Introduction Non-fiction filming involving death and dying has taboo status in terms of what western society can and cannot sanction. Made over the course of 12 months through close engagement with individuals experiencing and witnessing death and dying, our film consists of long sequences showing the people, environments and activities in and around the hospice, exploring what happens at the end of a person’s life.

The project Upon filming it became clear that the hospice acts as the beating heart at the centre of the island, with its community team operating as an artery system, extending out to every part of the land. In many ways this is a palliative island, a place where dying is visible. With this notion of an island as ecology, one that is familiar with end of life, the filmmaker began to notice complex and coexistent movements and practices associated with dying. Filming with people in family homes and on the ward during the last weeks of life unfolded to include the very intimate moment of the instant of death. Filming also extended out into the landscape, taking in chemotherapy, bereavement seminars, pathology lab activity, but also ferry crossings, druid death ceremonies, and palliative care given to ageing big cats at the zoo.
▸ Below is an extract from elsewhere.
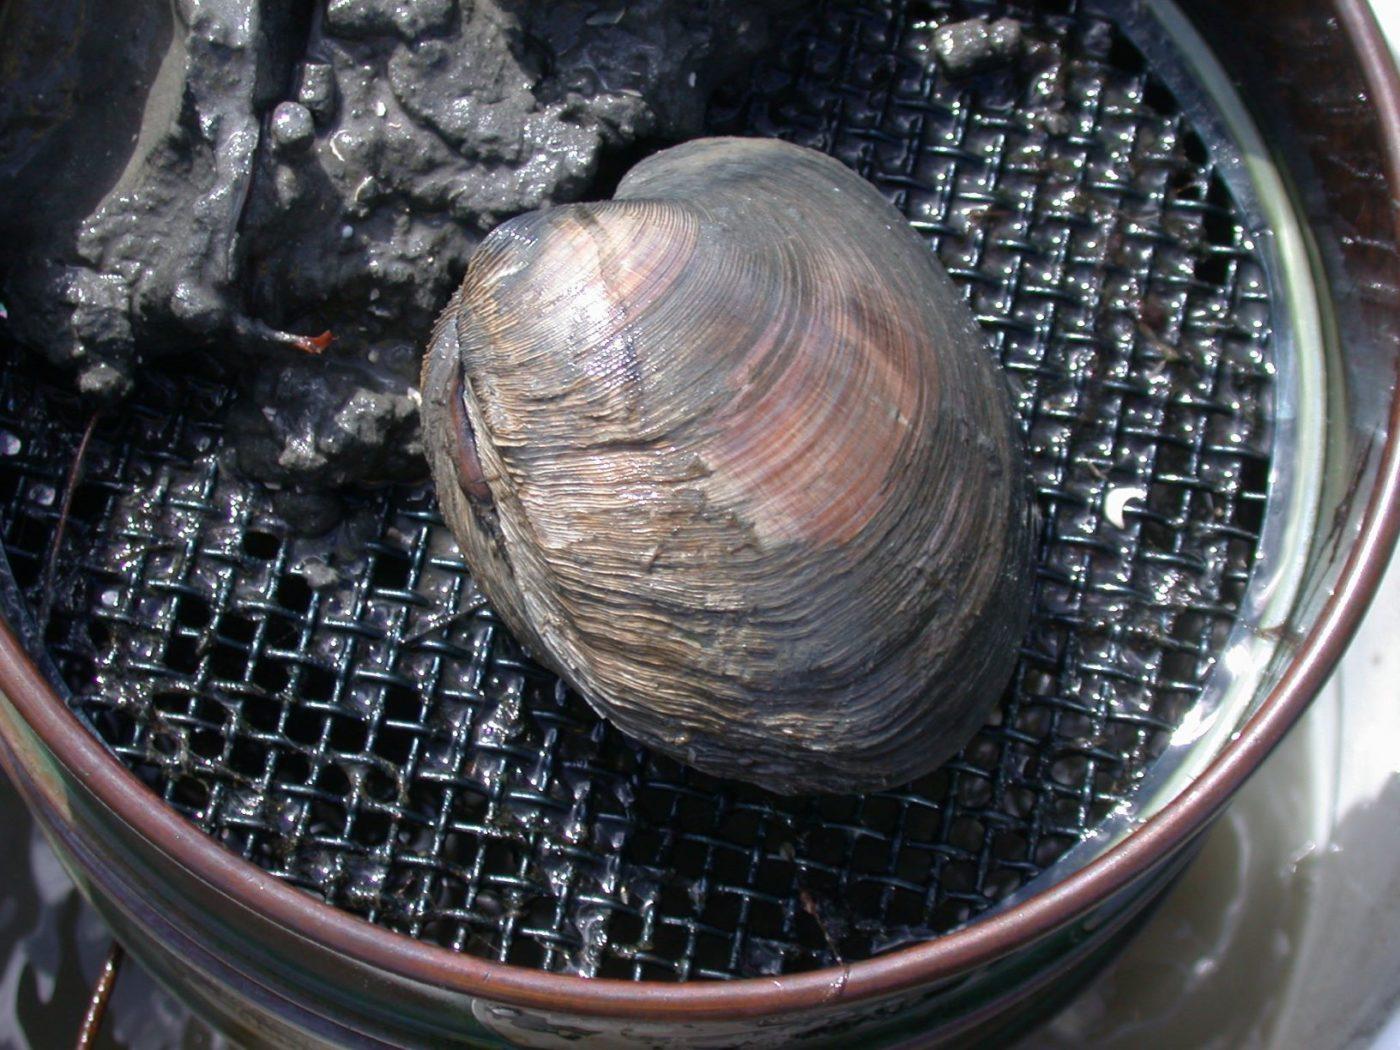 A quahog clam in a benthic sample.

The project attempts to engender a space where the phenomenon and phenomena of dying and death can be given an image. This reflects changing attitudes in palliative care and society around the visibility of death and dying. Navigating this difficult ethical territory involved adopting a way of seeing, and being with, the terminally ill person that has some confederacy with the practices of the palliative care professional. What emerges is a slow cinema description of the temporality of dying, an image of care and attentiveness and the very natural process of death.